In this post, we will formulate a new recipe and calculate the needed water amounts at the same time. This is not a big deal since the only real water change is the amount of water absorbed by the grains. Because we do not yet know the amount of grains we will use, we calculate the water from the target batch size back until we get to the water absorbed by the grains. At that point, we are able to calculate our grain amounts and then complete the water calculations. Rather than just talk about this process, I want to demonstrate the steps needed so that it serves as a complete example for reference.

Before moving on, I feel I need to make something clear: The Original Gravity (OG) and Final Gravity (FG) measurements are both taken from my fermenter. The OG is measured prior to adding the yeast for fermentation, and the FG is measured after fermentation has completed. This is important, and I did not make this distinction previously which could lead to some confusion when talking water amounts used in calculations.

OK, I am excited about this recipe because it is a first attempt at cloning my favorite beer: Goose Island's Bourbon County Stout. In this post, I do not want to get into my feelings towards the InBev purchase of Goose Island, so I will just summarize that my initial optimism and acceptance was turned sour by the discovery/learning of the unscrupulous InBev corporate views of the craft beer industry and their unethical business practices. So, all the better if the beer can be replicated at home. On to the recipe....
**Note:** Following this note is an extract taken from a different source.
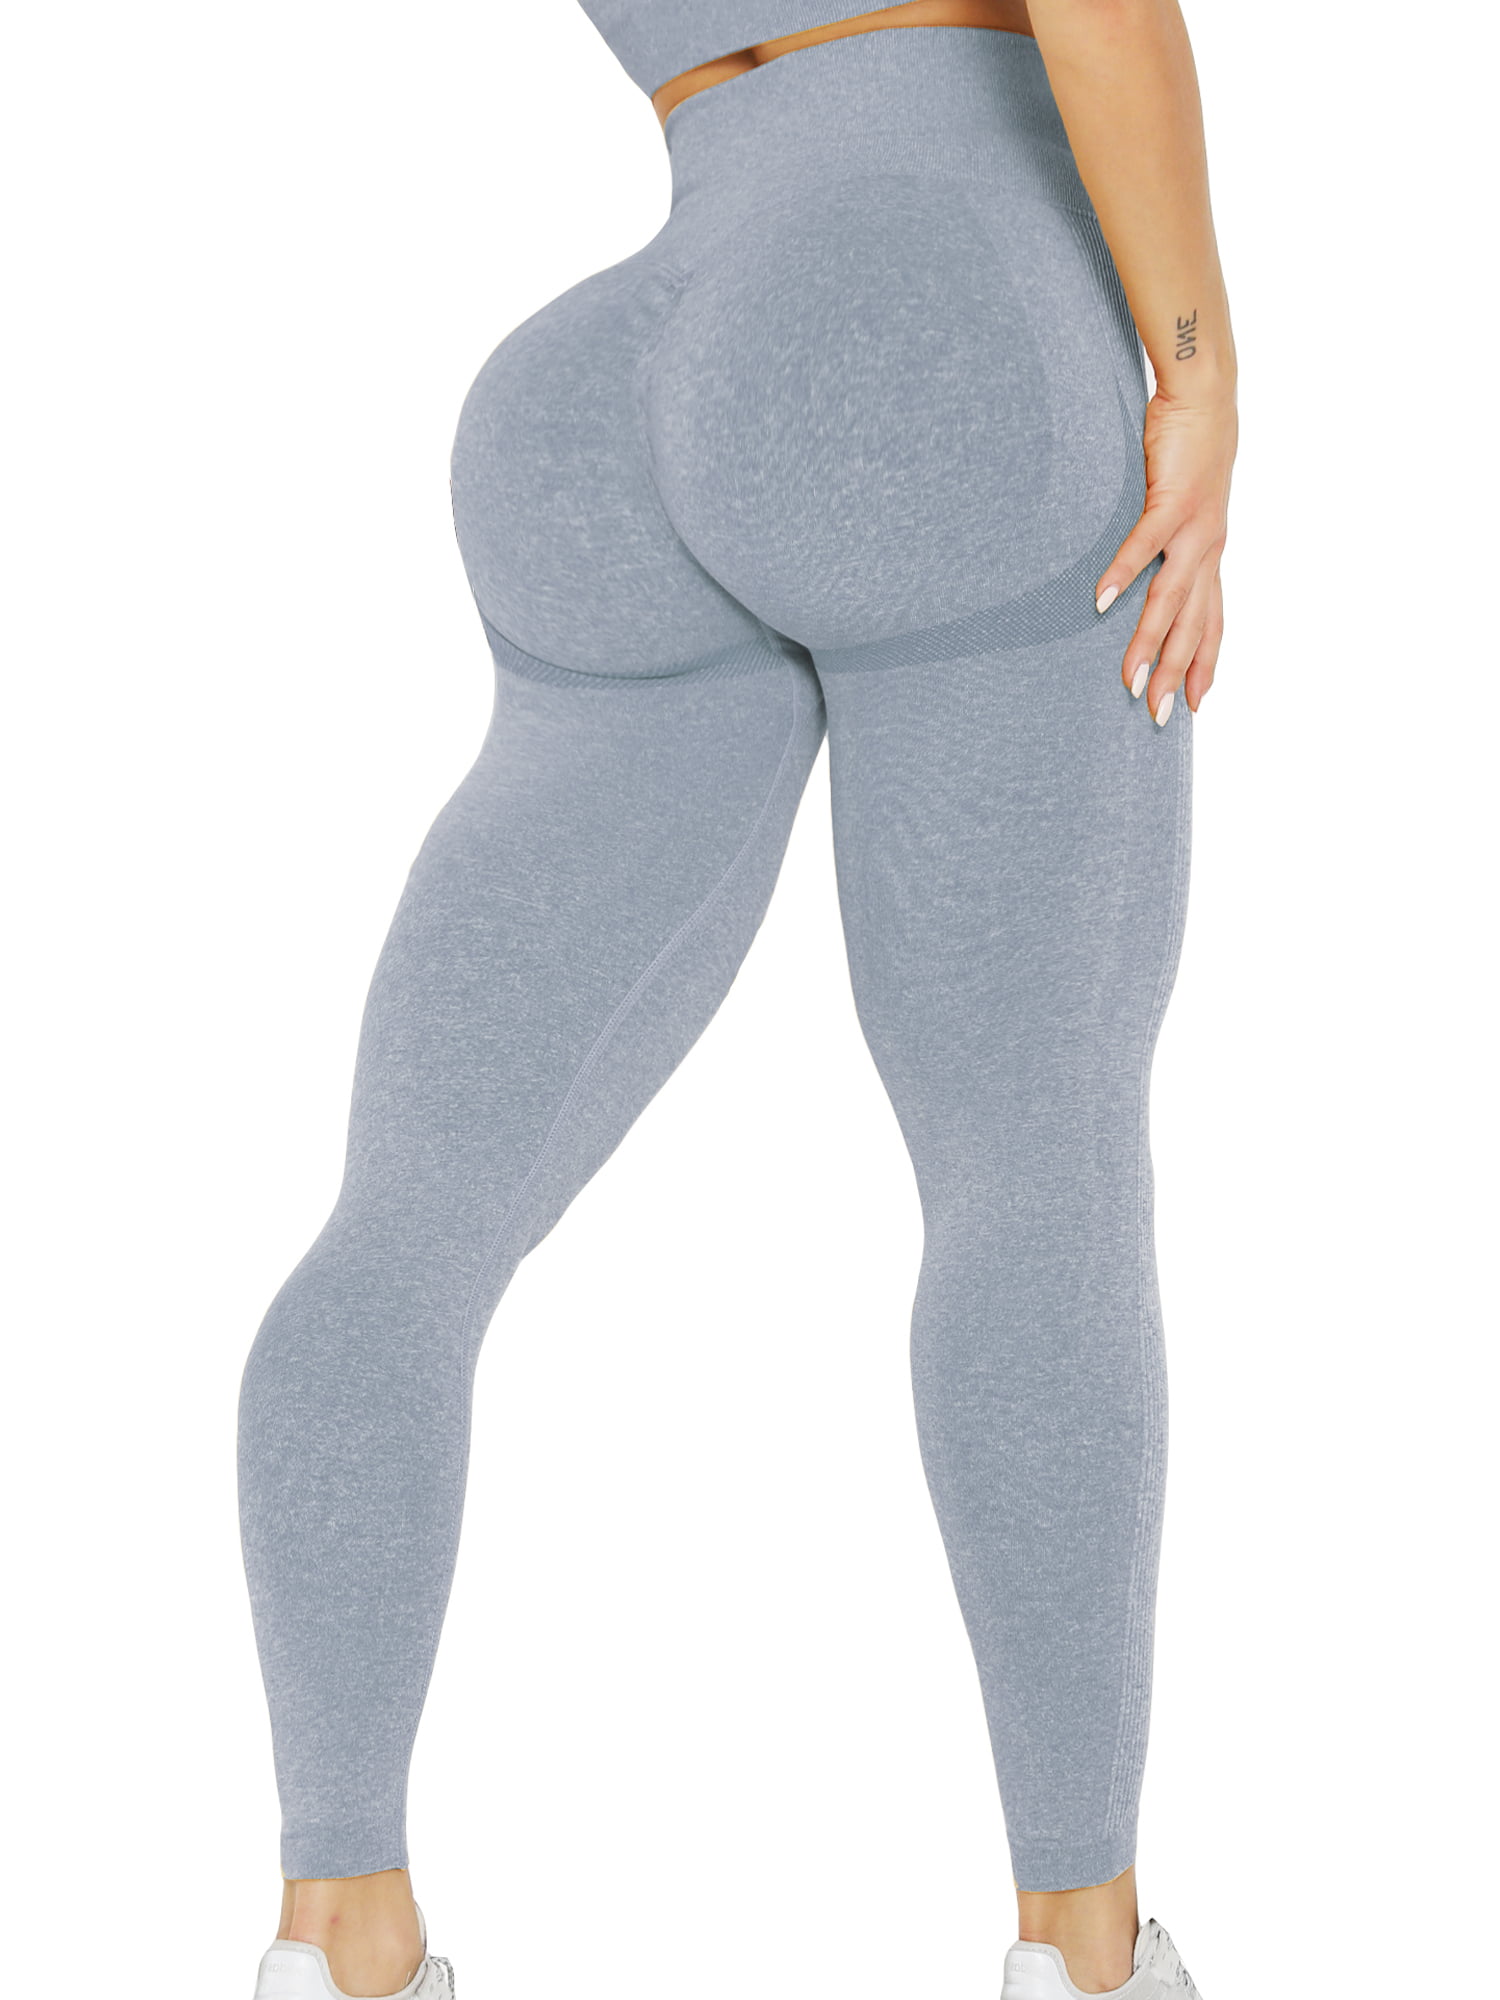 Leggings For Women Butt Lift High Waisted Tummy Control No See-Through Yoga  Pants Workout Running Leggings

As I mentioned, I am excited to try and brew this beer, but the recipe guidelines are not from me. The grains and hops used are from the Goose Island description linked above; The gravity values used are from a post in the HomeBrewTalk forums (using the 2007 version of the beer); The grain percentages used are also from a post in HomeBrewTalk. Here are the specifics we are using:

Recipe Parameters

Parameter	Value
Batch Size (fermenter volume)	3.25 gal.
Target Original Gravity	1.13
Target Final Gravity	1.042
Color	Black ~100 SRM
IBU	60 (assume Tinseth method)
Length of Boil	80 min.
Mash Steps	Single infusion 152°F for 60 min.
Brewhouse Efficiency	70%

Grains

Grain	% Used	Max Extraction	Color (°L)
2-Row	34	37	1.8
Munich	30	34	10
Chocolate	14	34	350
Crystal 60	10	34	60
Roast Barley	10	25	300
Debittered Black (Briess Blackprinz)	2	25	500

Hops

Willamette 3.5% to 6.0% AA @60 min. ~4 oz. (TBD)

Yeast

Safale US-05 Dry Yeast 3 packets

STEP 1: Calculate Initial Water Amounts

Remember that the constants used in finding water amounts are specific to my system. Your values may be different. In some cases they are just guesstimates waiting for me to collect more accurate information

• V_final = 3.0 gal (amount in bottles or keg)
• bottling losses: ~ 0.25 gal.

• V_fermenter = 3.25 gal.
• Transfer and trub losses: ~0.75 gal.

• V_post-boil = 4.0 gal.
• Temperature shrinkage: 4% ~ 0.2 gal.
• 80 minute boiloff: 2.34 gal.

• V_pre-boil = 6.5 gal.

This is as far as we can get without knowing the grain amounts.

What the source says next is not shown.